Assets are best built over time to leverage the power of compounding interest. We analyzed several potential strategies to address the lack of assets and identified the following as promising areas of work to build short-term assets: credit building, including alternative ways of building credit history;[8] expanding the Earned Income Tax Credit (EITC); and reforming asset tests. For long-term asset development, we found the most promising solution to be universal savings accounts.
One particularly promising example is the baby bonds[9] policy proposal suggested by professors Darrick Hamilton and William A. Darity. Baby bonds are child trust accounts designed to provide an opportunity for asset development for all newborns regardless of the financial position in which they are born. The baby bonds would set up trusts for all newborns, with an average account of $20,000 for babies born into the poorest families. The accounts would be federally managed and would be accessible when the child becomes an adult to be used for asset-enhancing endeavors such as purchasing a home or starting a new business. This would address one of the main causes of racial wealth inequality: the intergenerational transfer of wealth.
The group also looked into children's savings accounts (CSAs),[10] which are long-term asset-building accounts established for children as early as birth and allowed to grow over their lifetime. Typically, at age 18, the savings in CSAs are used (in most cases) to pay for higher education.
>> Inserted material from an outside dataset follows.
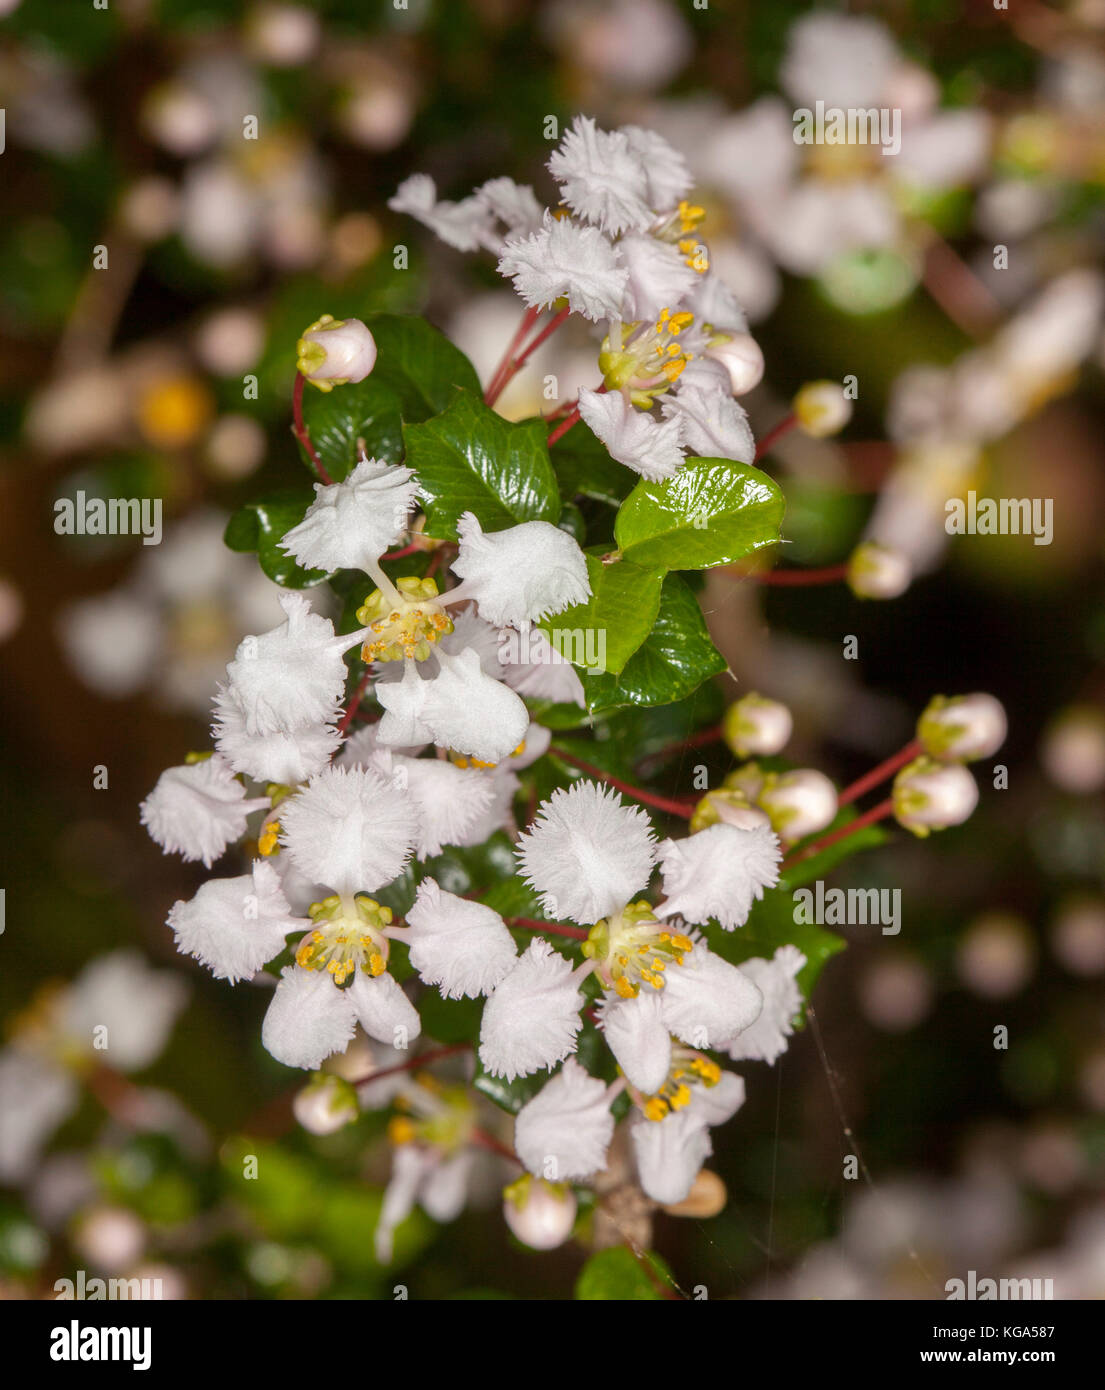 White perfumed flowers of Malphigia coccigera, Singapore holly, drought tolerant evergreen garden shrub Stock Photo

Housing Investment: Expanding Homeownership Opportunities
The working group believes that the best housing strategy for narrowing racial wealth inequalities in Greater Boston will be to provide greater homeownership opportunities to sustain wealth creation and wealth accumulation for decades to come. It has been well documented over the last 70 years that homeownership has many positive impacts on families and communities and has been a vital tool to help families build and share wealth across generations. Homeownership also helped millions of American families move up the economic ladder, but many families of color have long been precluded from building home equity through homeownership because of redlining, mortgage discrimination, predatory lending, and residential segregation. Over time, government policies have boosted white families' assets, mainly through facilitating homeownership, while excluding families of color from the same advantage. The long-term effects of such practices are clear when one considers that the majority of whites in Greater Boston own a home, while only half of Caribbean blacks, one-third of U.S. blacks, and less than one-fifth of Dominicans and Puerto Ricans in the metro area are homeowners.
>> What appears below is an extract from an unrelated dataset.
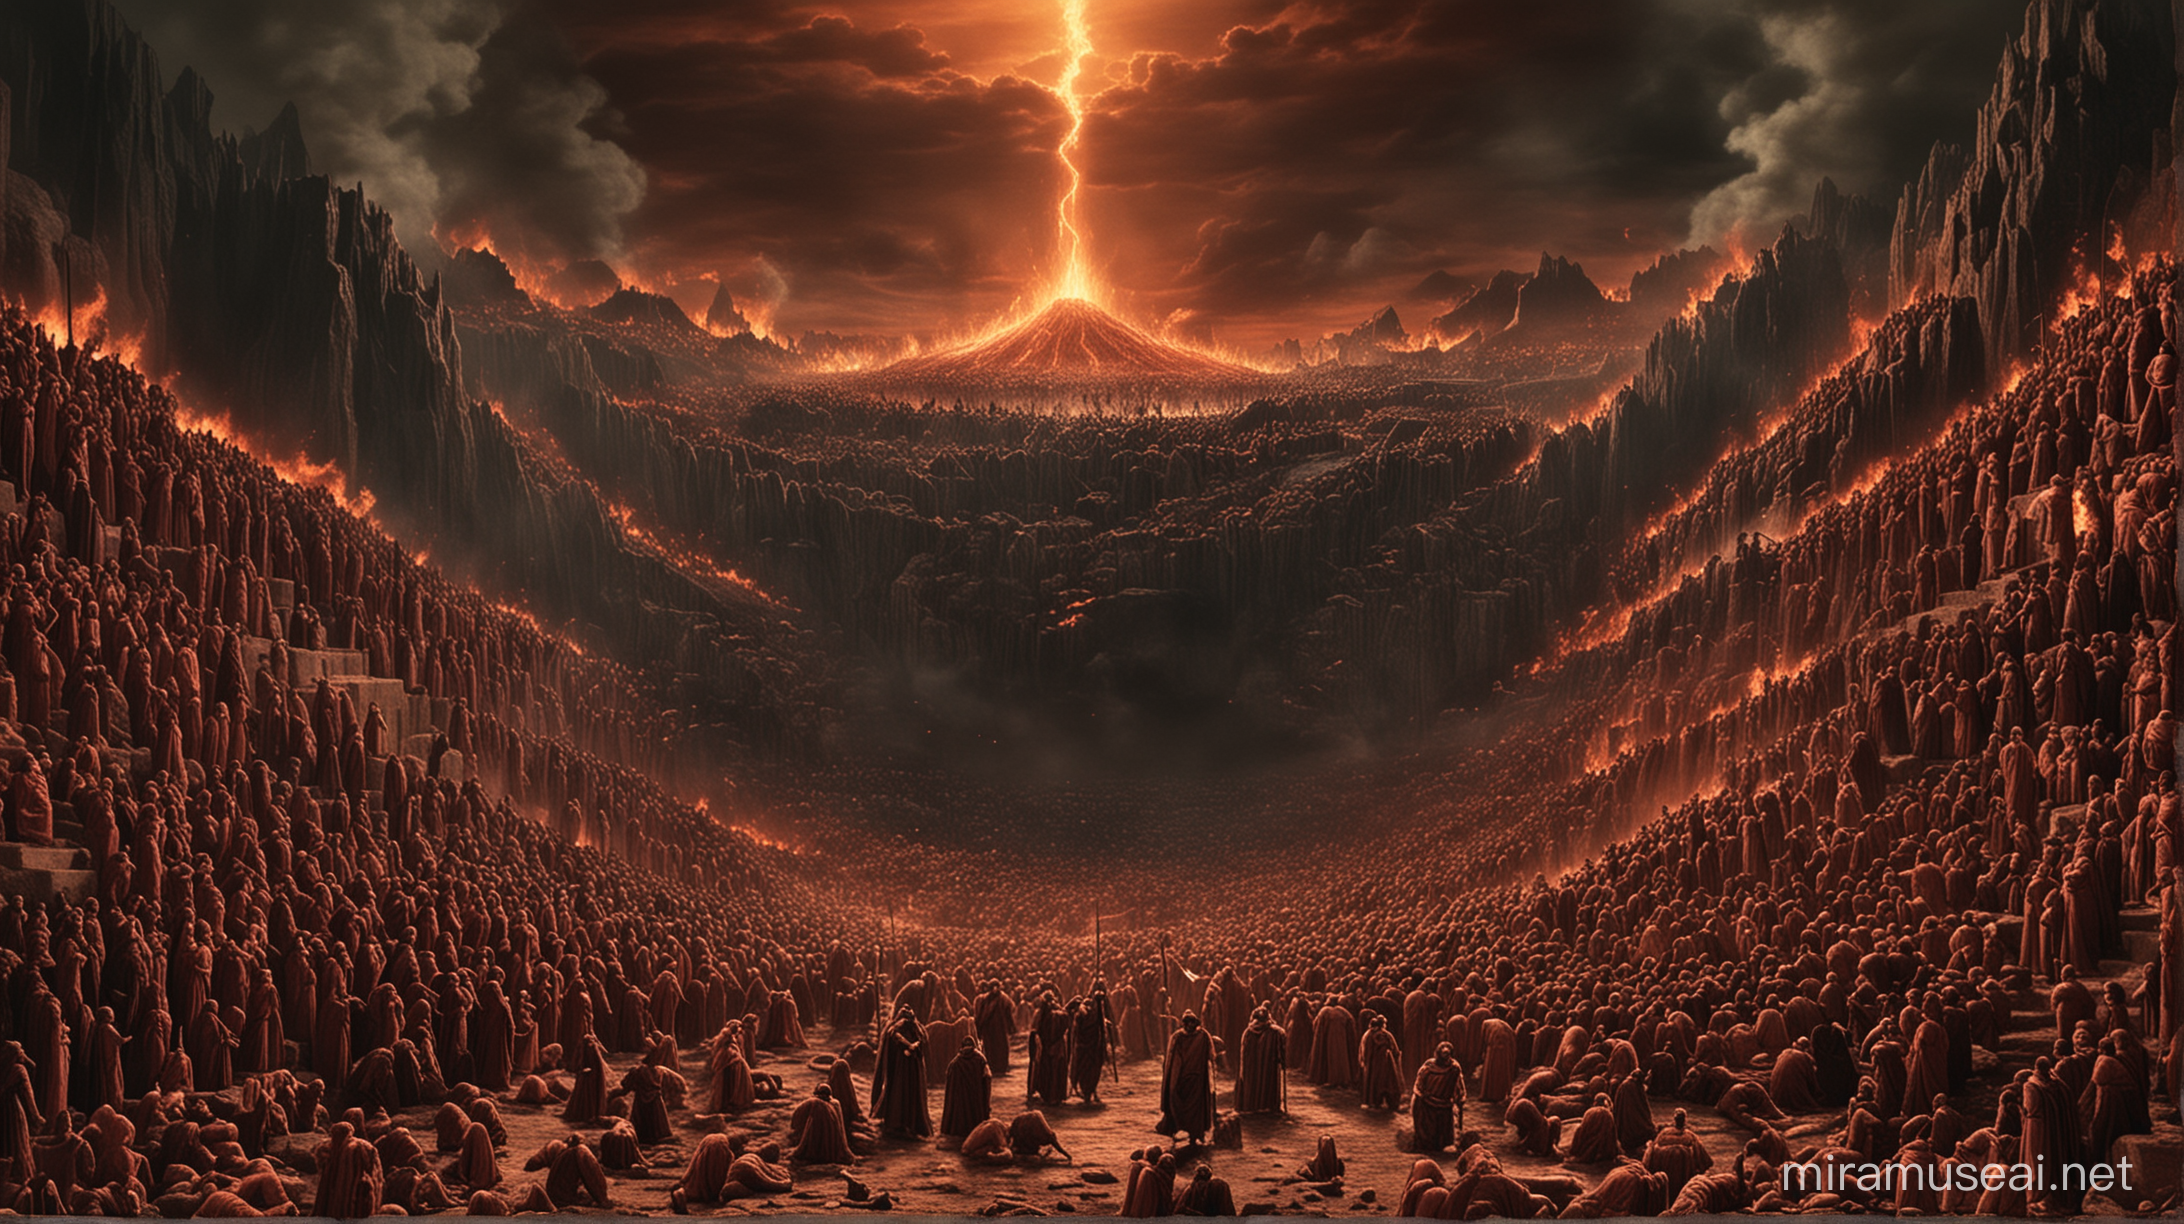 Dramatic Representation of Biblical Hell

There are many historical antecedents and contemporary challenges to address if we really want to drive expanded homeownership opportunities for all groups in Greater Boston. Our best housing strategy to narrow racial wealth inequalities is to create and advocate for more supportive resources to leverage new homeownership opportunities. Certain types of reform to the secondary mortgage market could be an avenue for increased homeownership in communities of color. A number of banks in Greater Boston conduct Community Reinvestment Act (CRA) lending at slightly below-market interest rates or offer other favorable terms in order to help create wealth in communities of color and low-income communities by allowing households to enter the homeownership market. For example, in Massachusetts the One Mortgage program has had 19,000 borrower participants to date and these loans have performed well, even through financial crisis. Yet these loans are almost entirely held in the banks' portfolios, which over time ties up more of the cash resources from which additional lending would otherwise be done, and lenders participating in the One Mortgage program report being unable to sell the loan assets in the secondary market. A significant reform in the secondary market, then, would be for Fannie Mae and Freddie Mac to purchase these loans, encouraging Fannie and Freddie to partner with banks in CRA lending and be active participants in creating wealth.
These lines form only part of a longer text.